When you return home, you will have about 120 photos. Download a program called StarStax. It’s free and there are some basic tutorials online, but it’s pretty easy to figure out. I will sometimes put all the photos through lightroom first to adjust the sharpness and the noise reduction, etc before converting to jpeg. Then open StarStax and upload all the photos, click “stack,” and wait for the result. Save the final image and it *should* look similar to this. StarStax, and other star stacking programs, line up photographs on top of each other and bring the brightest pixels to the top. Since the stars moved but the foreground didn’t, they will appear to streak or “trail” across the photo. This program also works for lightning photography because it’s basically the same thing. If your final photo doesn’t look right, let me know, or look up a StarStax tutorial because the program has a lot to offer for solving problems that might come up. Good luck. It’s a lot of fun, and again let me know if you have any problems and I’ll try to help you!
In the end, the only way to *really* learn this stuff is just to try it, so you might not come back with a winner the first time. After trying it on my own a few times though I came back with this:
Keep at it and I promise you’ll be able to produce some satisfying results.
Some quick edits: Remember to bring a chair with you if you can.
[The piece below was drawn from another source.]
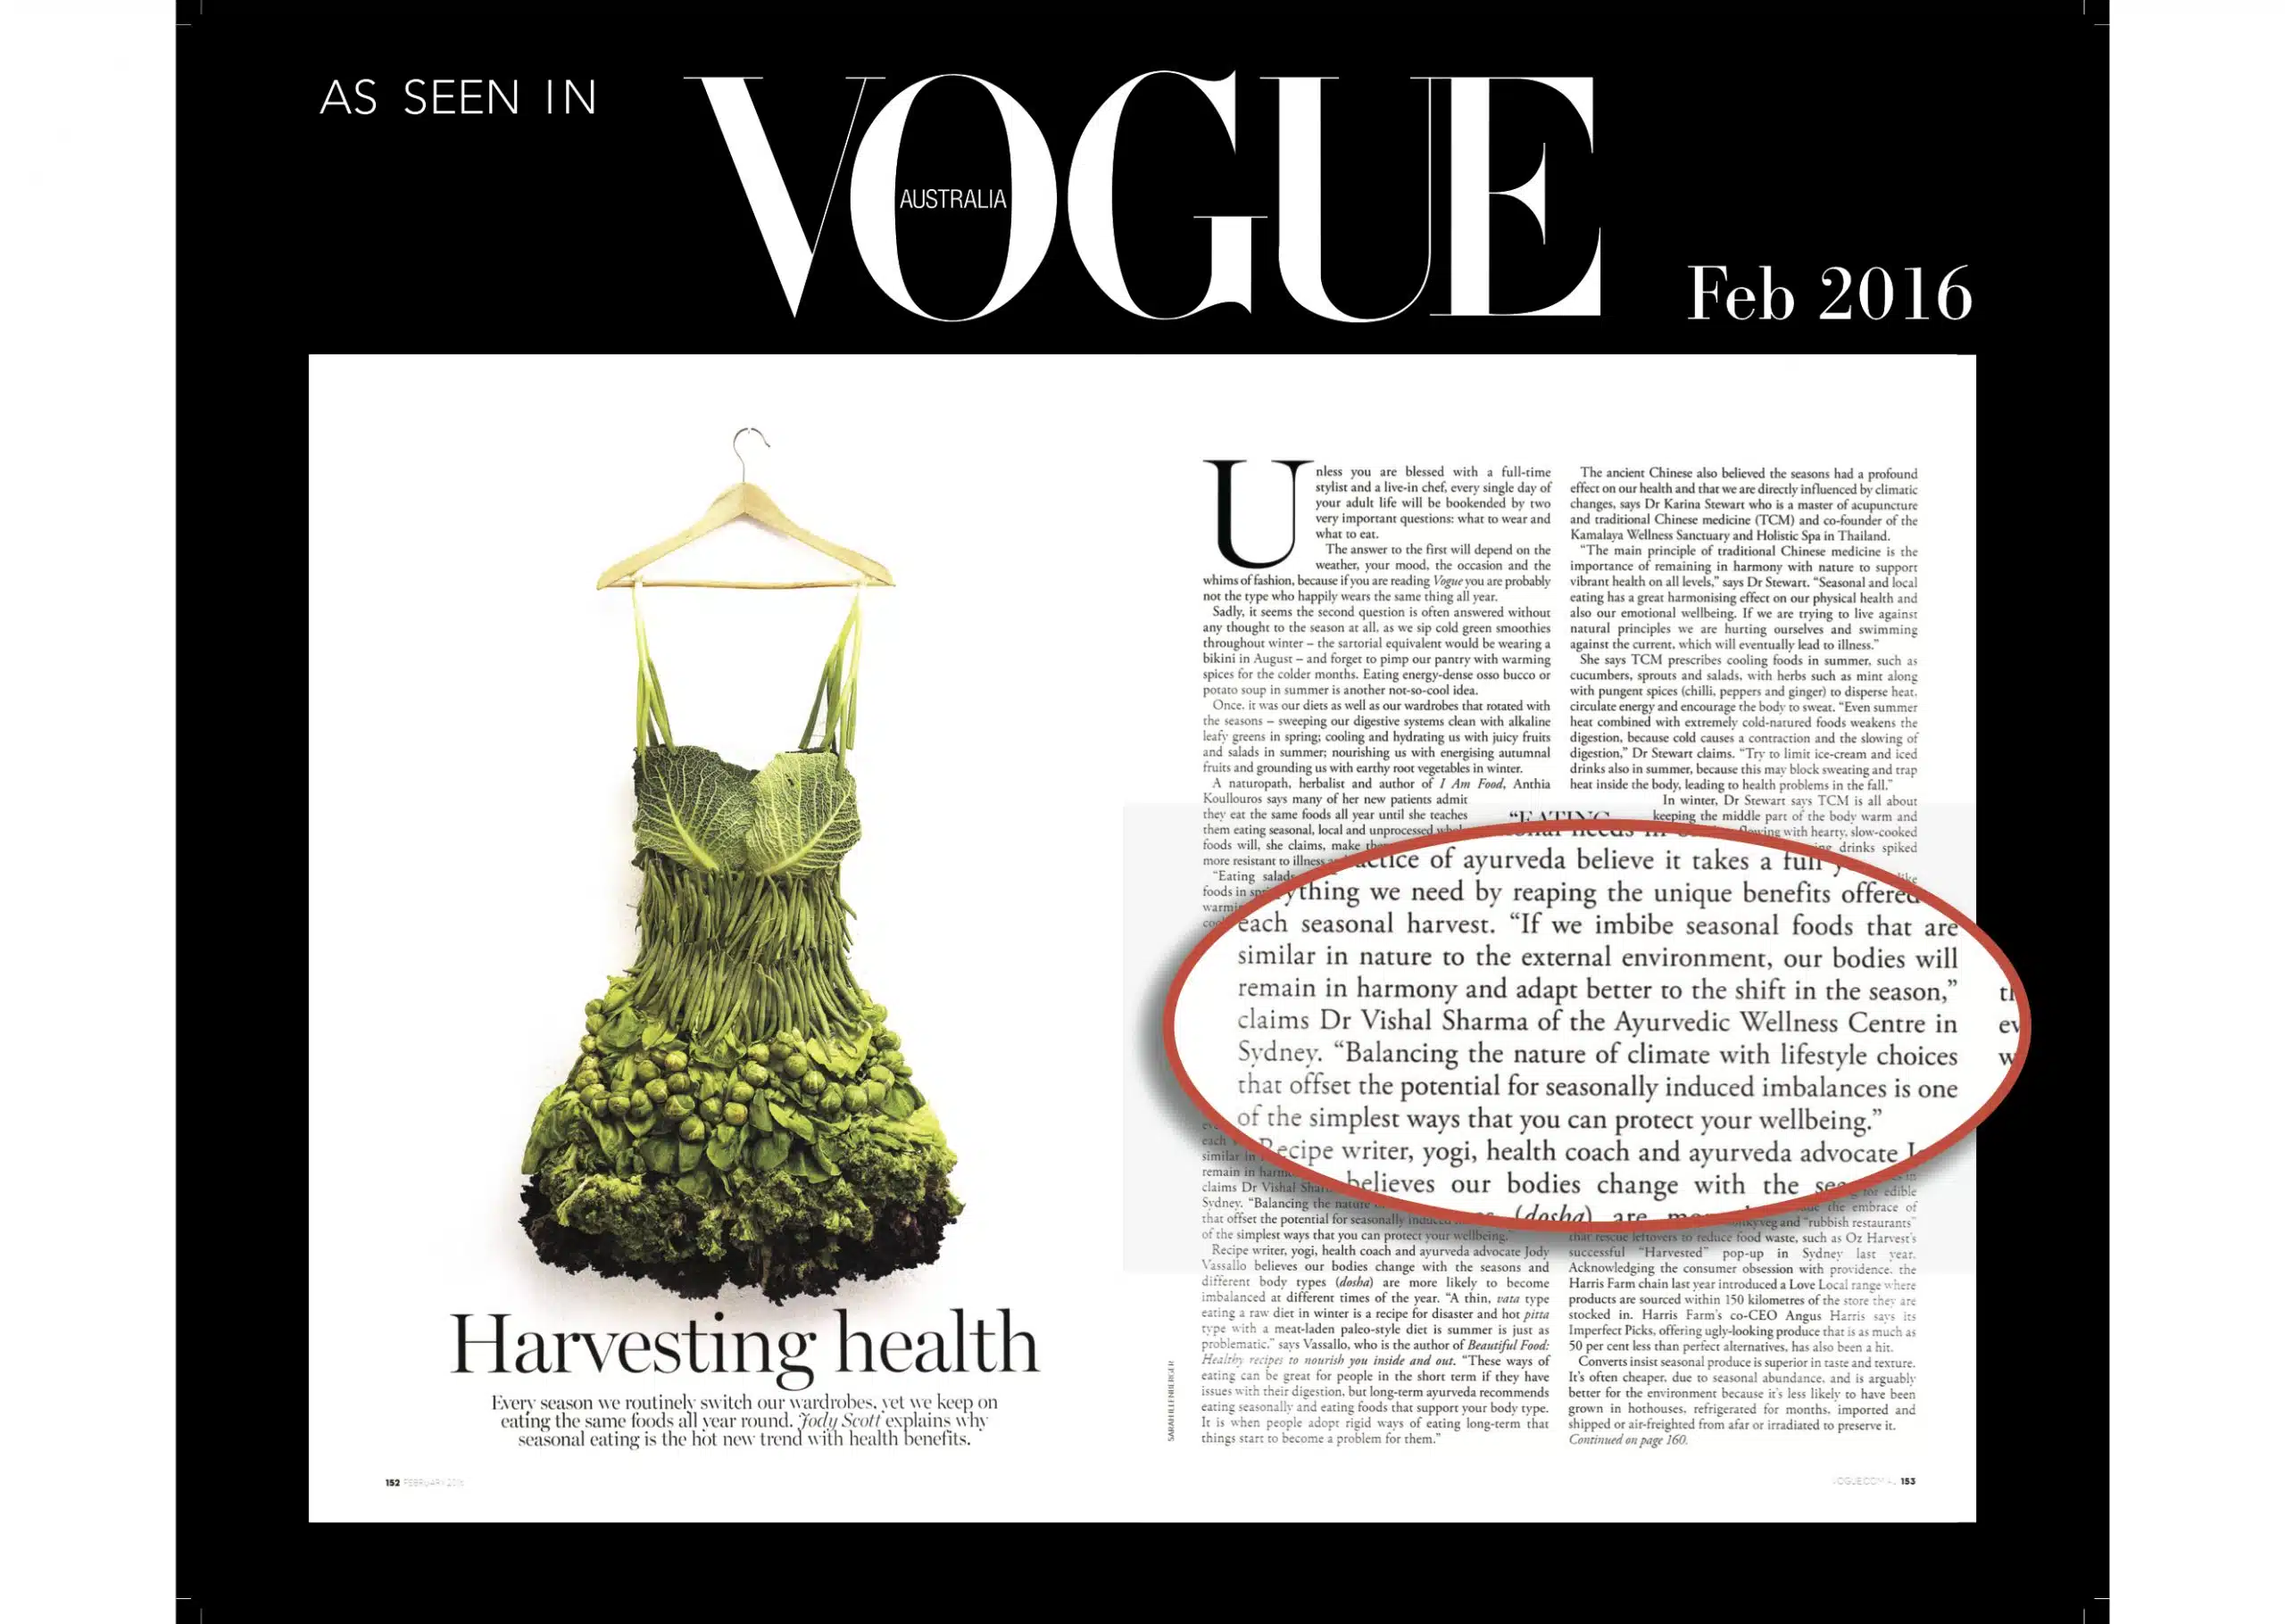 Ayurvedic wellness centre in Vogue magazines

I always forget that part and I end up standing for over an hour. Also, I did not take the photo that was posted to Earthporn, I’m just giving explanations. Finally, thanks KaiserPodge for the gold! And thank you all for your questions and gratitude. I always like teaching people how to take photos because the technical side of photography can be intimidating which is an unfair barrier for beginners, but it’s actually pretty easy once you’re shown the techniques.